● Material supplied:
* * * *

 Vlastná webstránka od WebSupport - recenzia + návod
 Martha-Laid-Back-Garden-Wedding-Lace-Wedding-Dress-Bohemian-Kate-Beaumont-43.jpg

* * * *

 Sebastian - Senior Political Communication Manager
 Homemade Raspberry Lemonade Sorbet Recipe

* * * *

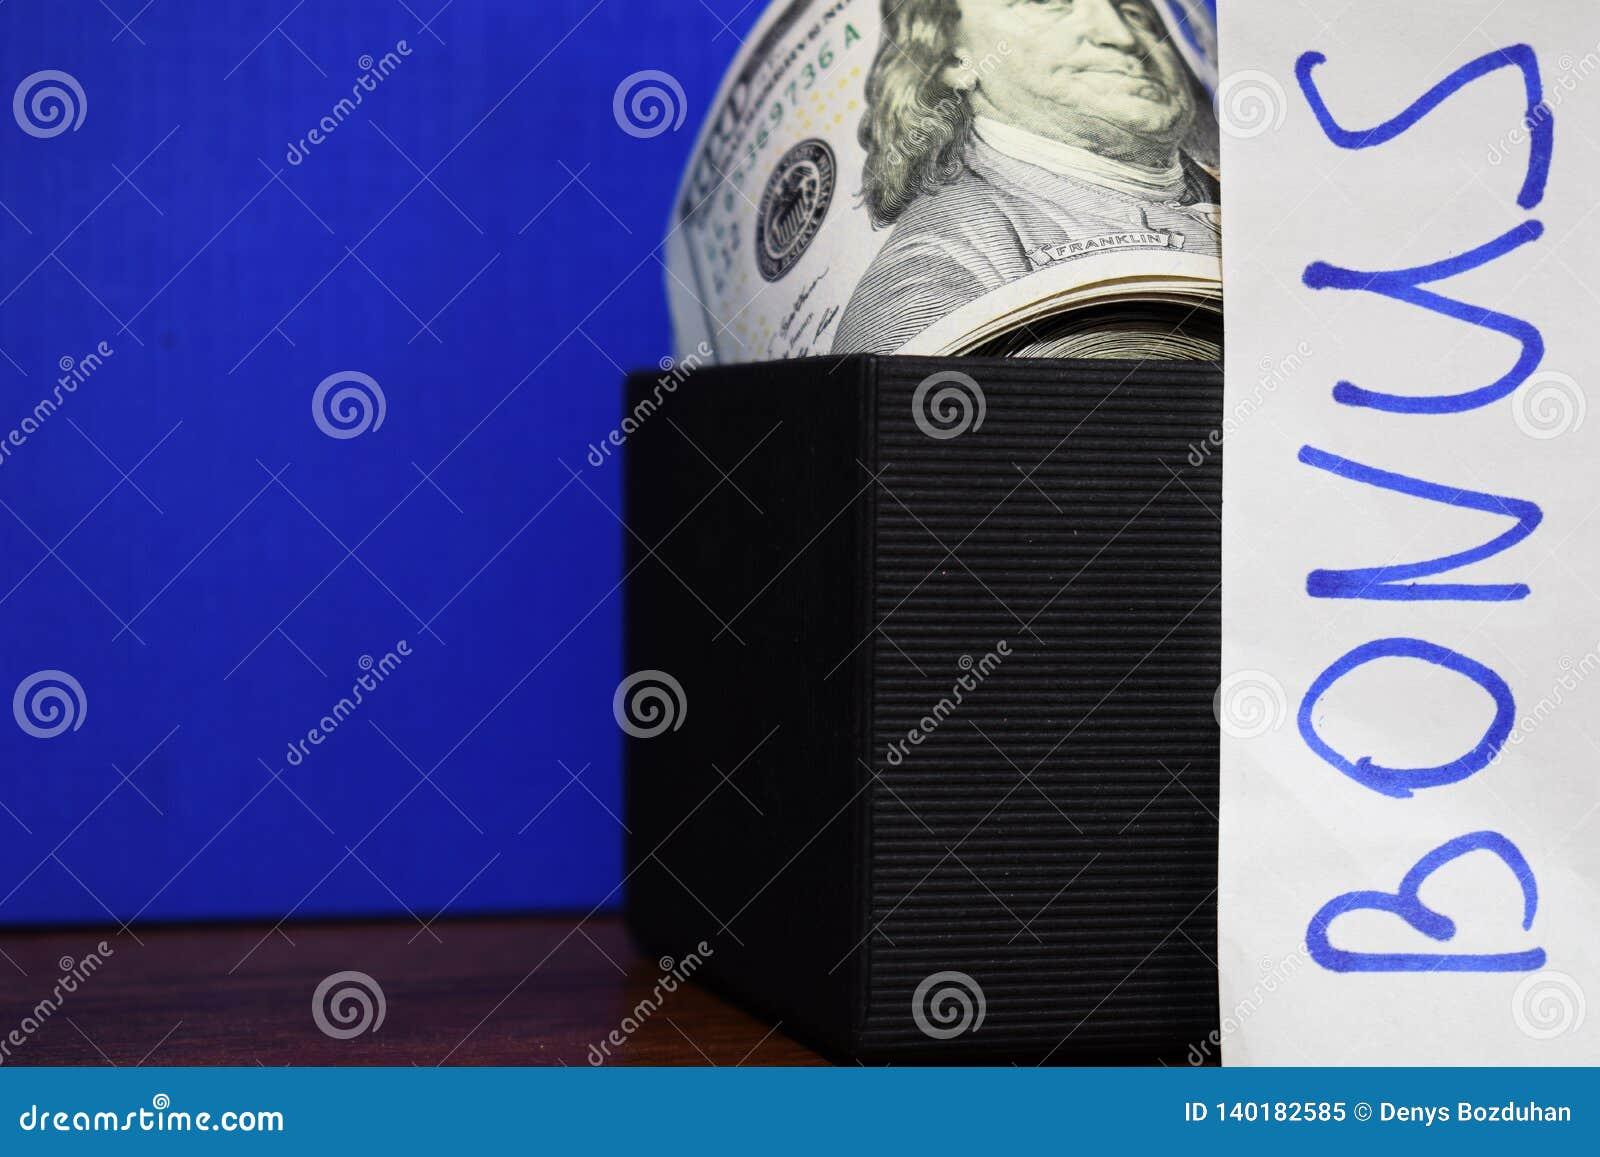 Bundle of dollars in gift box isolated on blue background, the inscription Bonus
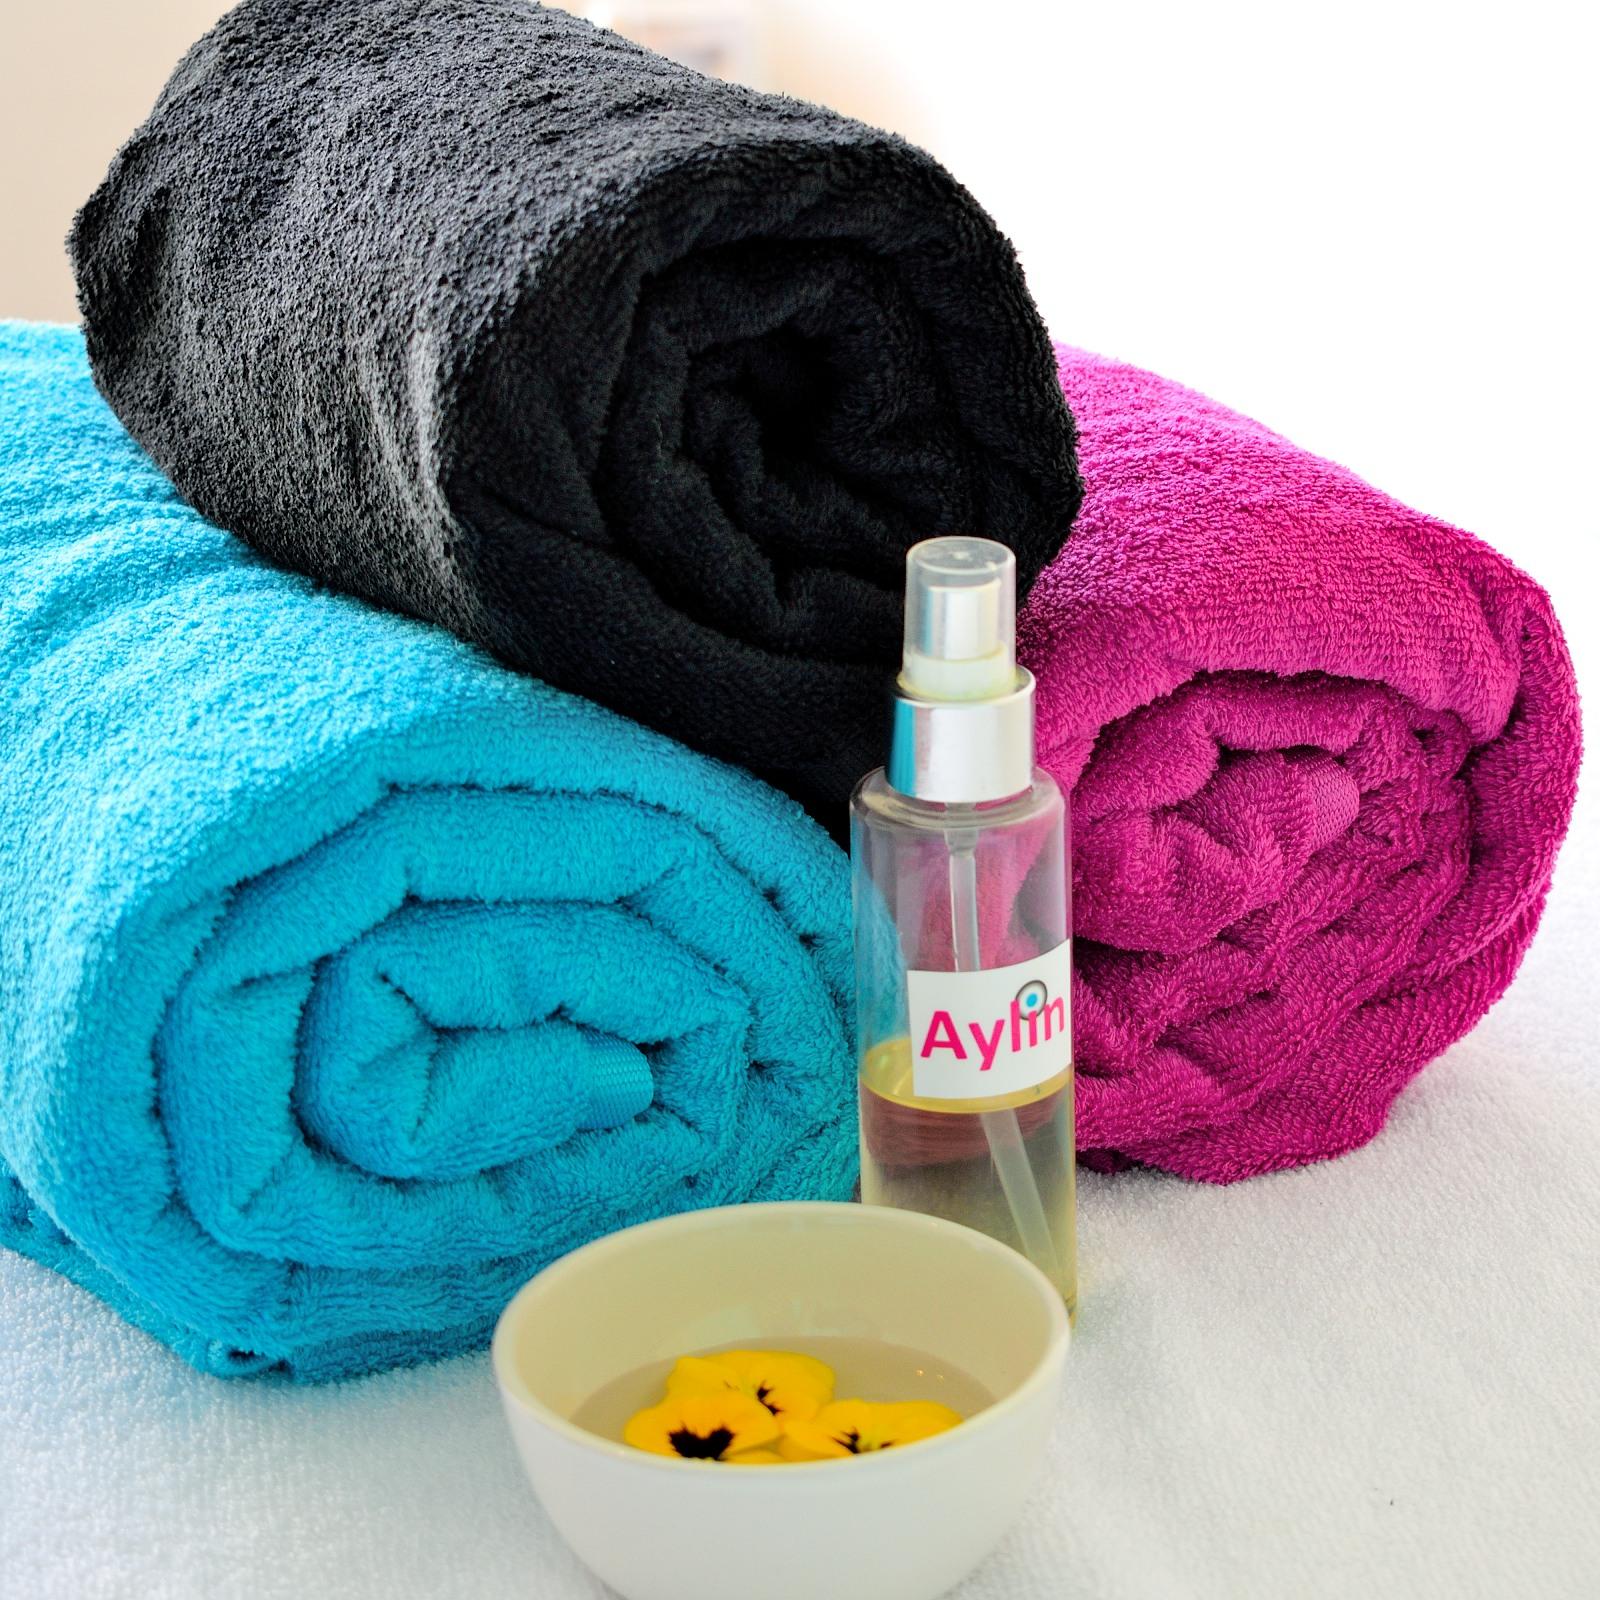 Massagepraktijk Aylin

* * * *

● Task goal:
The response must hold only the lines above from the line with "Sebastian - Senior" through the line with "Homemade Raspberry Lemonade Sorbet Recipe", each copied exactly, both ends kept.

● Reply:
 Sebastian - Senior Political Communication Manager
 Homemade Raspberry Lemonade Sorbet Recipe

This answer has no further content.